TASK TO COMPLETE :: The whole listing, pictures aside, should be reproduced exactly.

INPUT DATA ::
·····
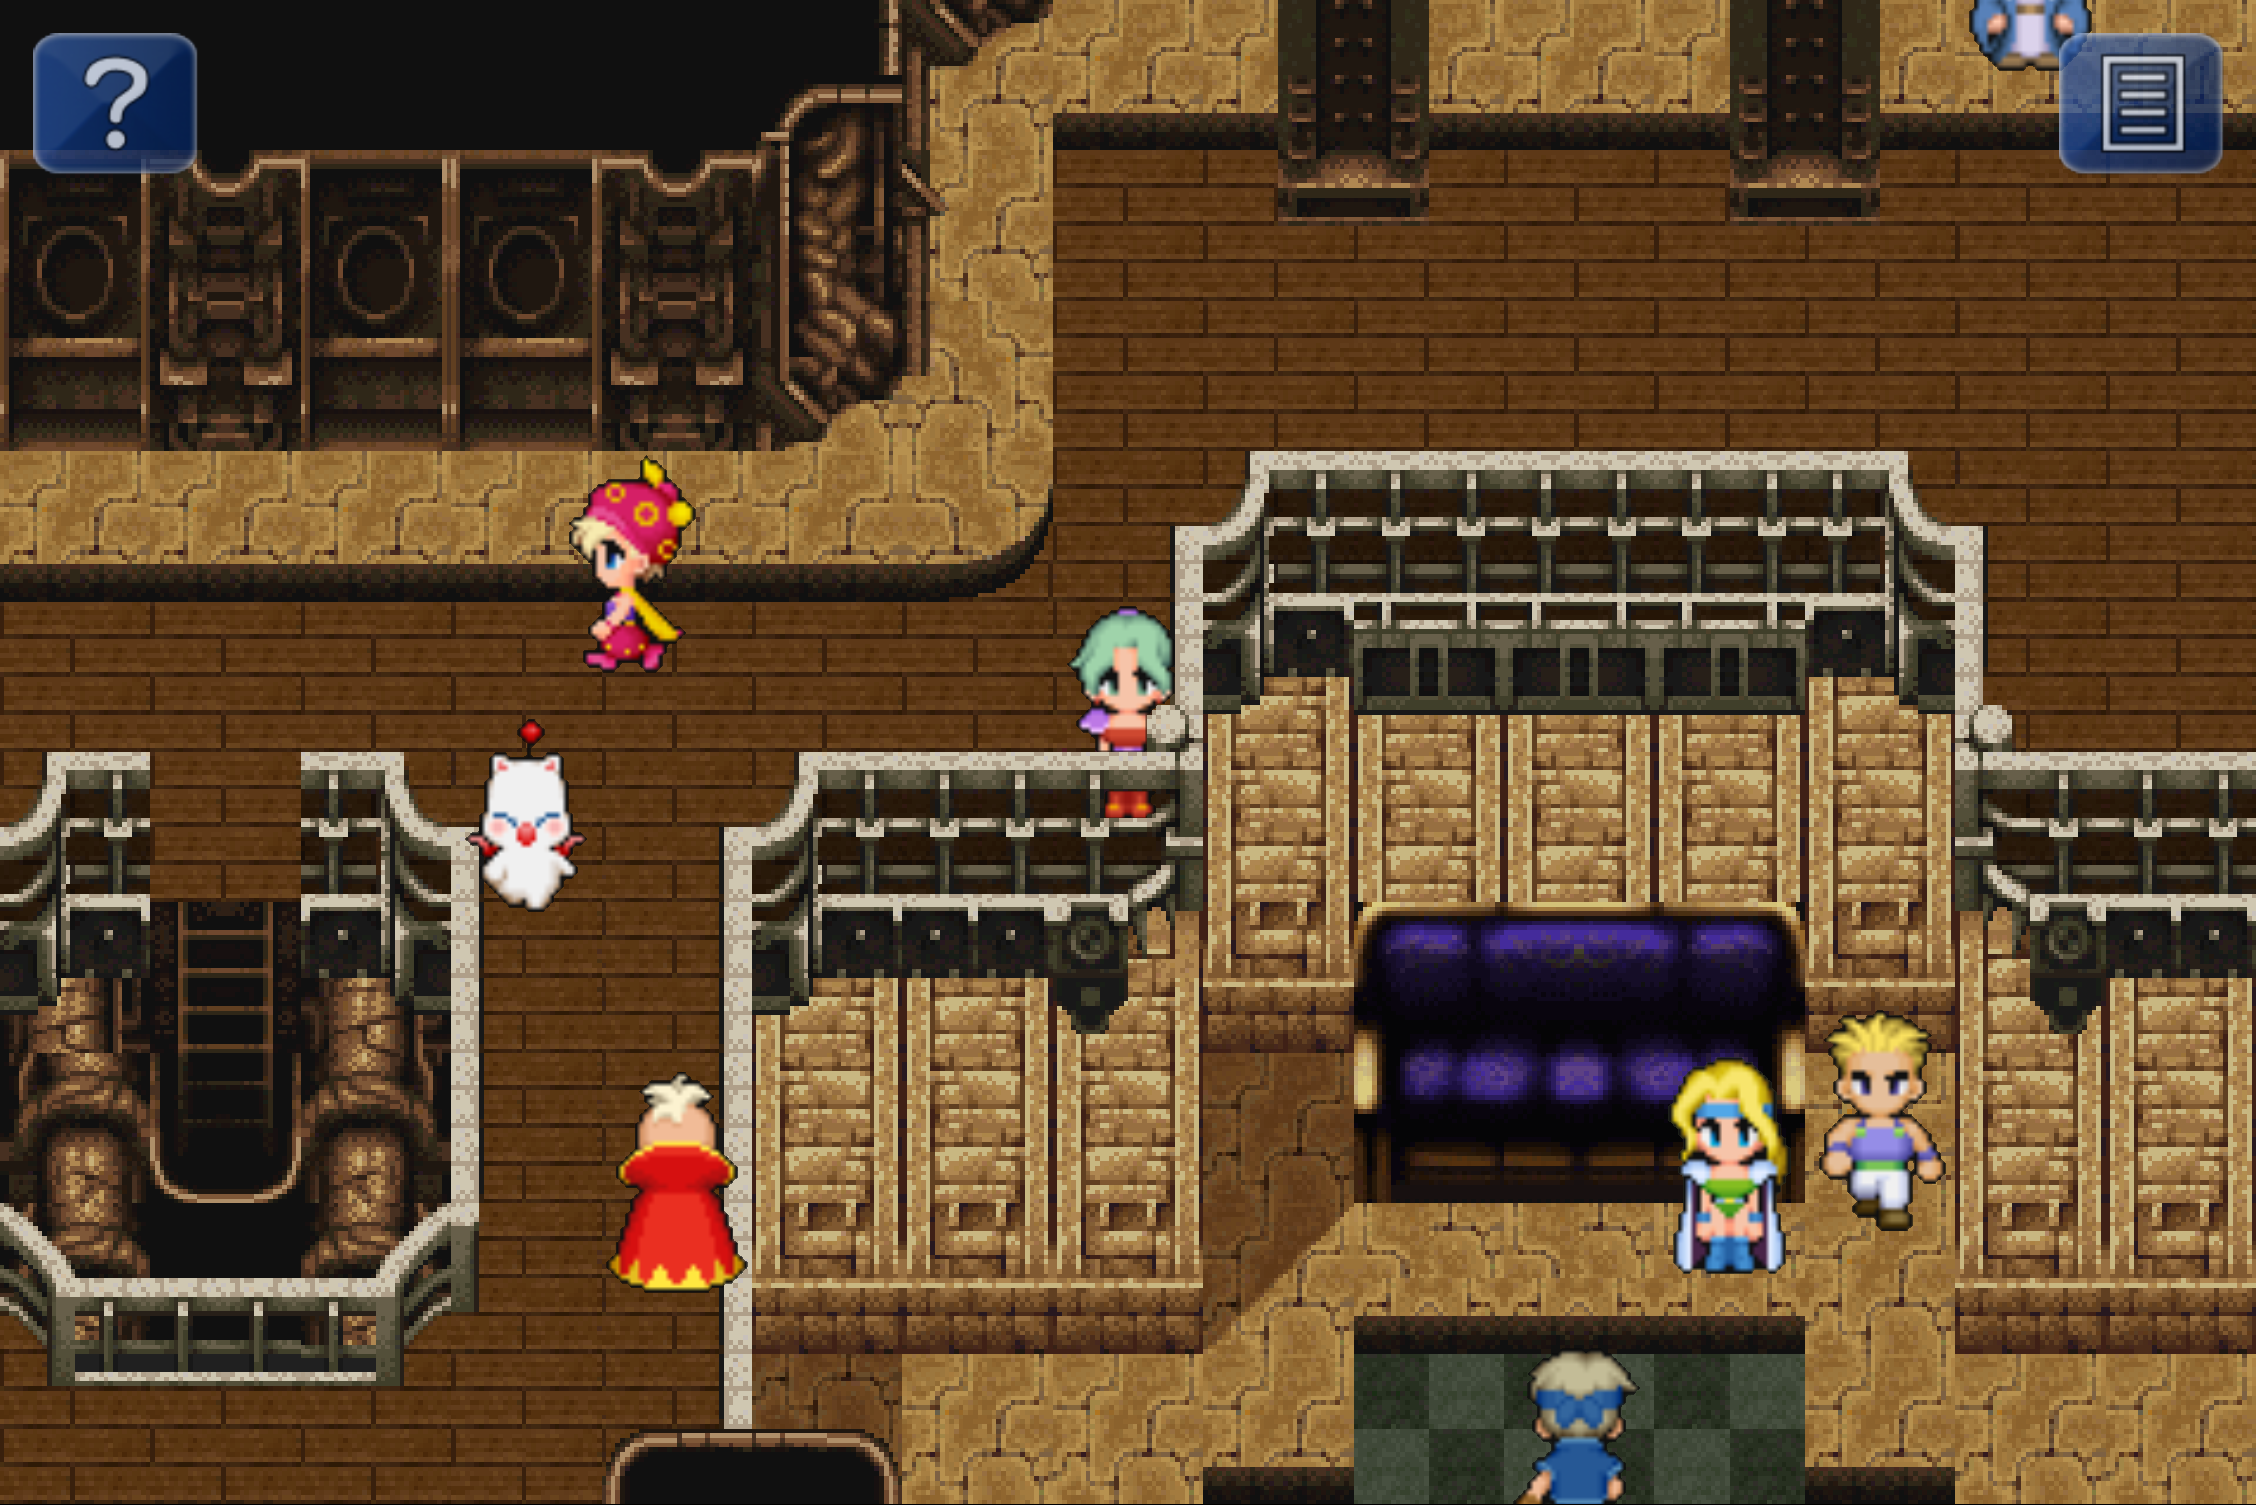 How Can I Play It?: Final Fantasy VI
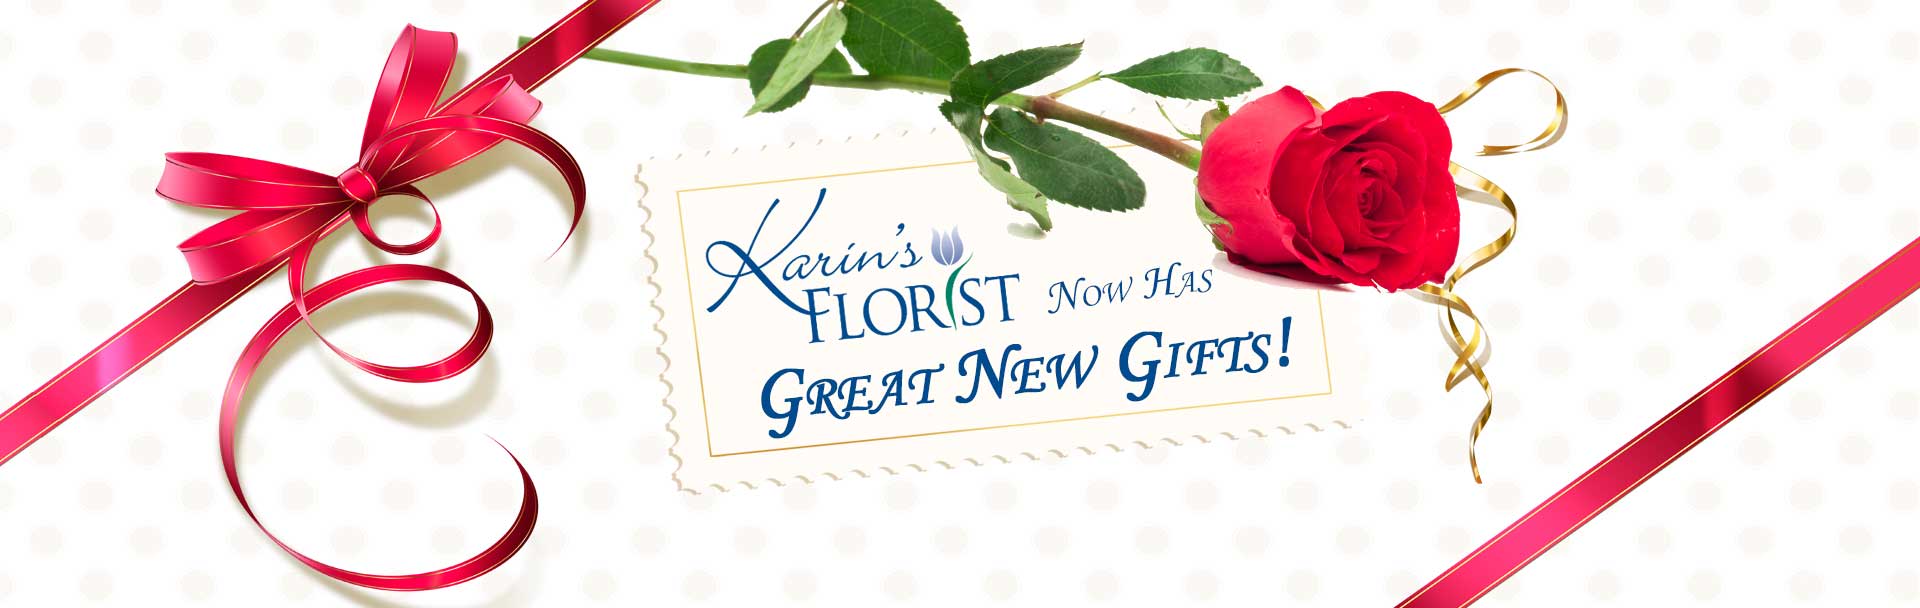 Unique Gifts at Karin's Florist
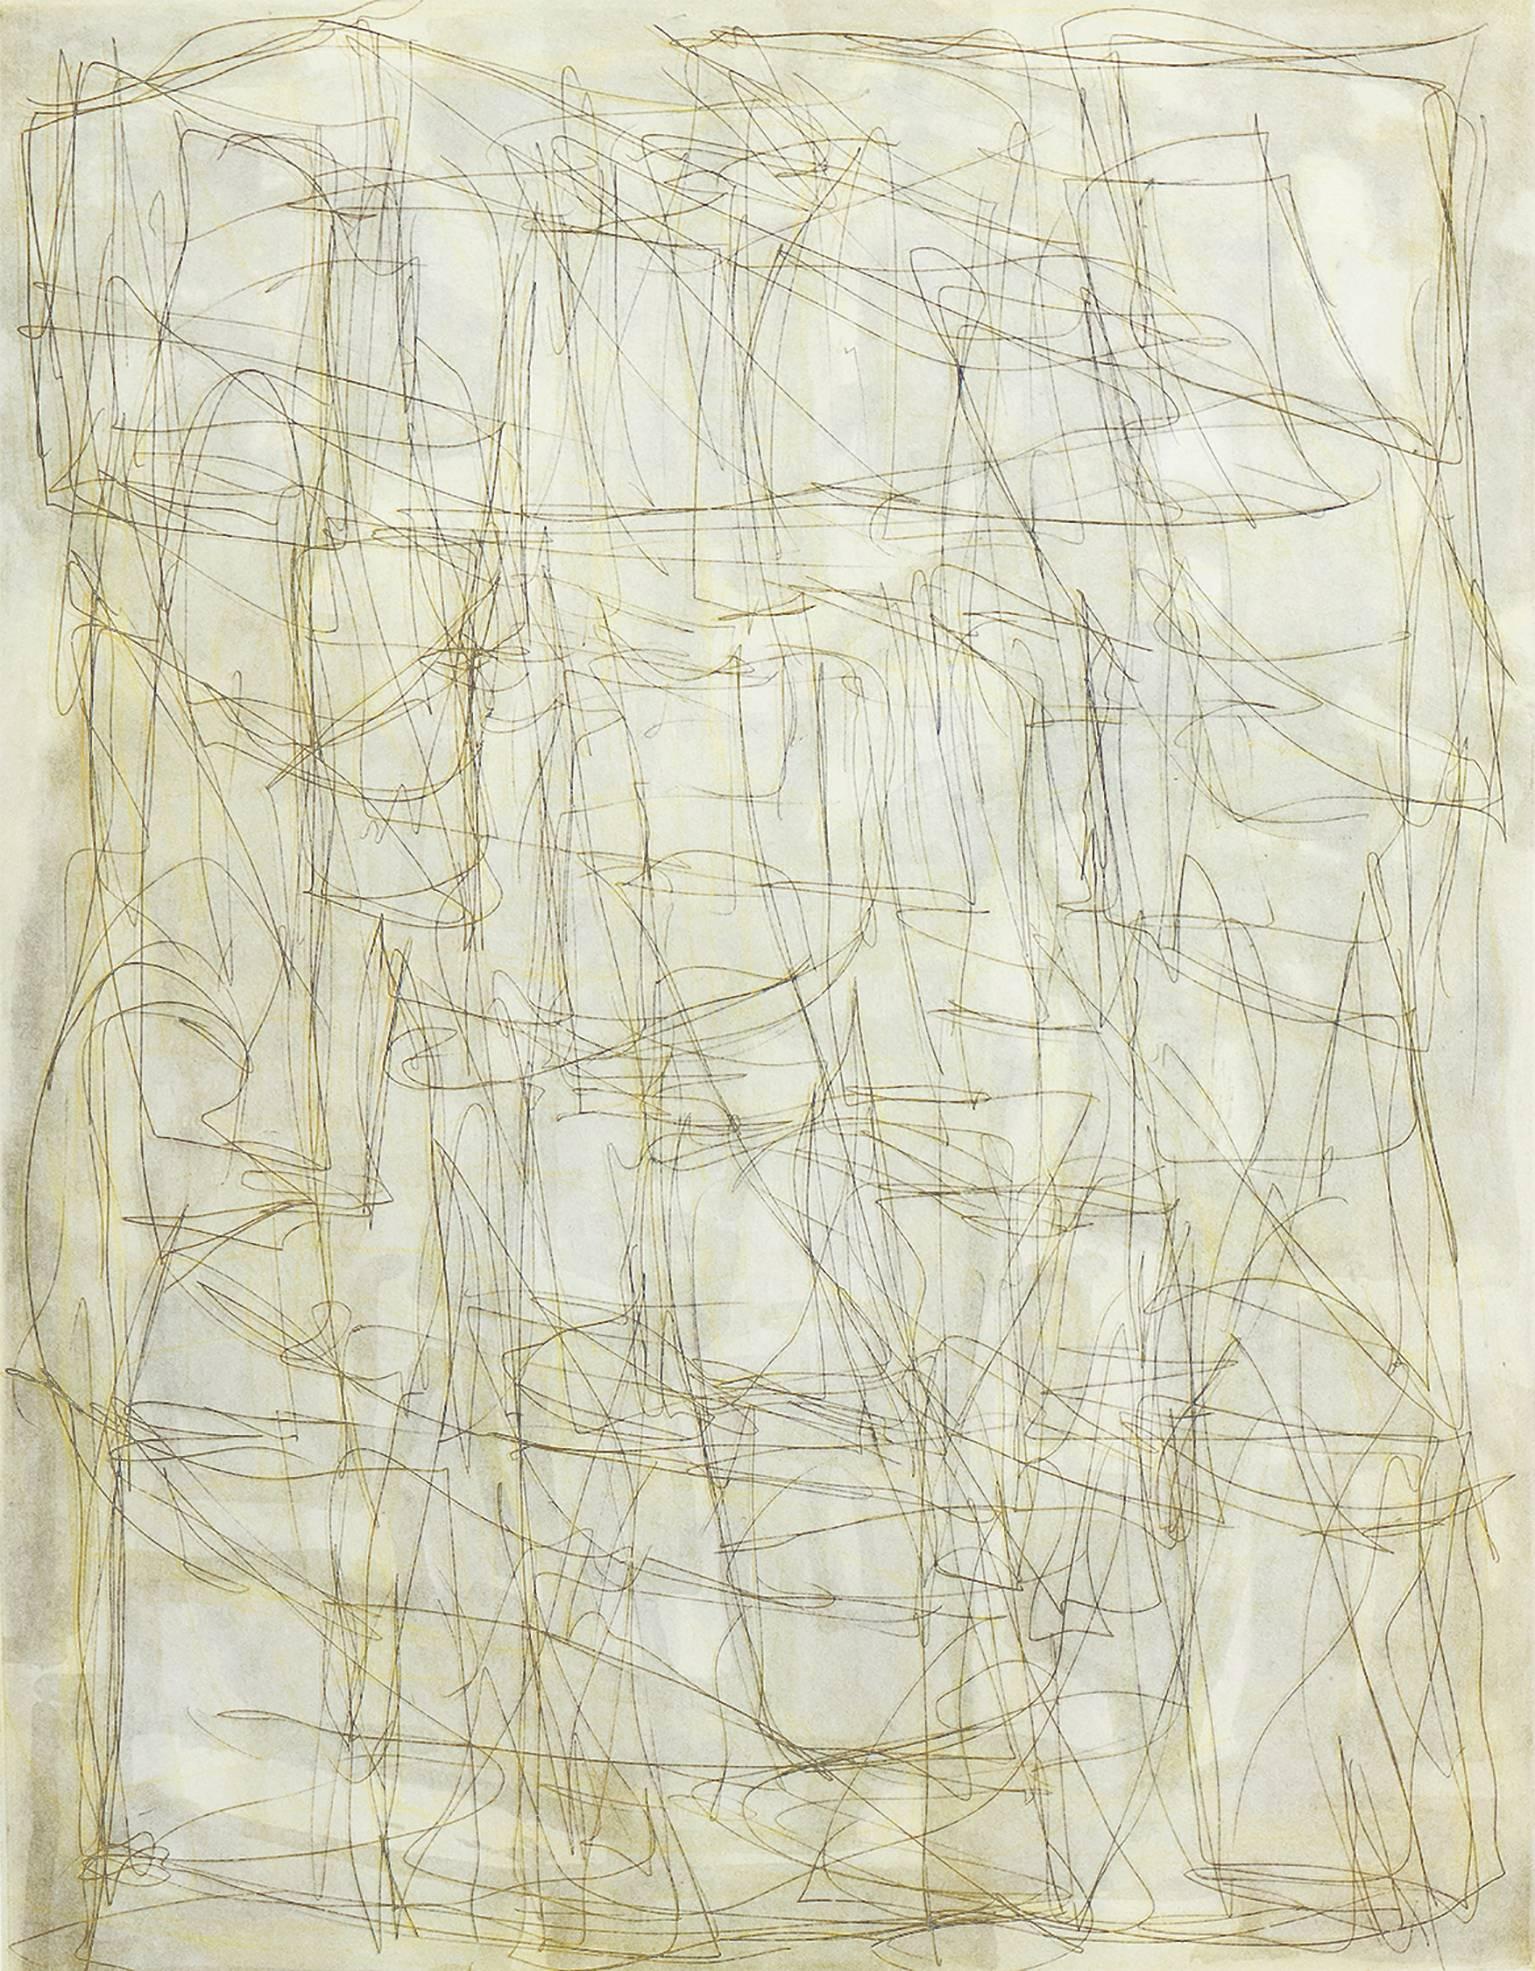 Claire Seidl Abstract Print - White Lies, abstract linear etching, aquatint, monoprint, silver, gray, yellow.
·····
EXPECTED ANSWER ::
 How Can I Play It?: Final Fantasy VI
 Unique Gifts at Karin's Florist
 Claire Seidl Abstract Print - White Lies, abstract linear etching, aquatint, monoprint, silver, gray, yellow.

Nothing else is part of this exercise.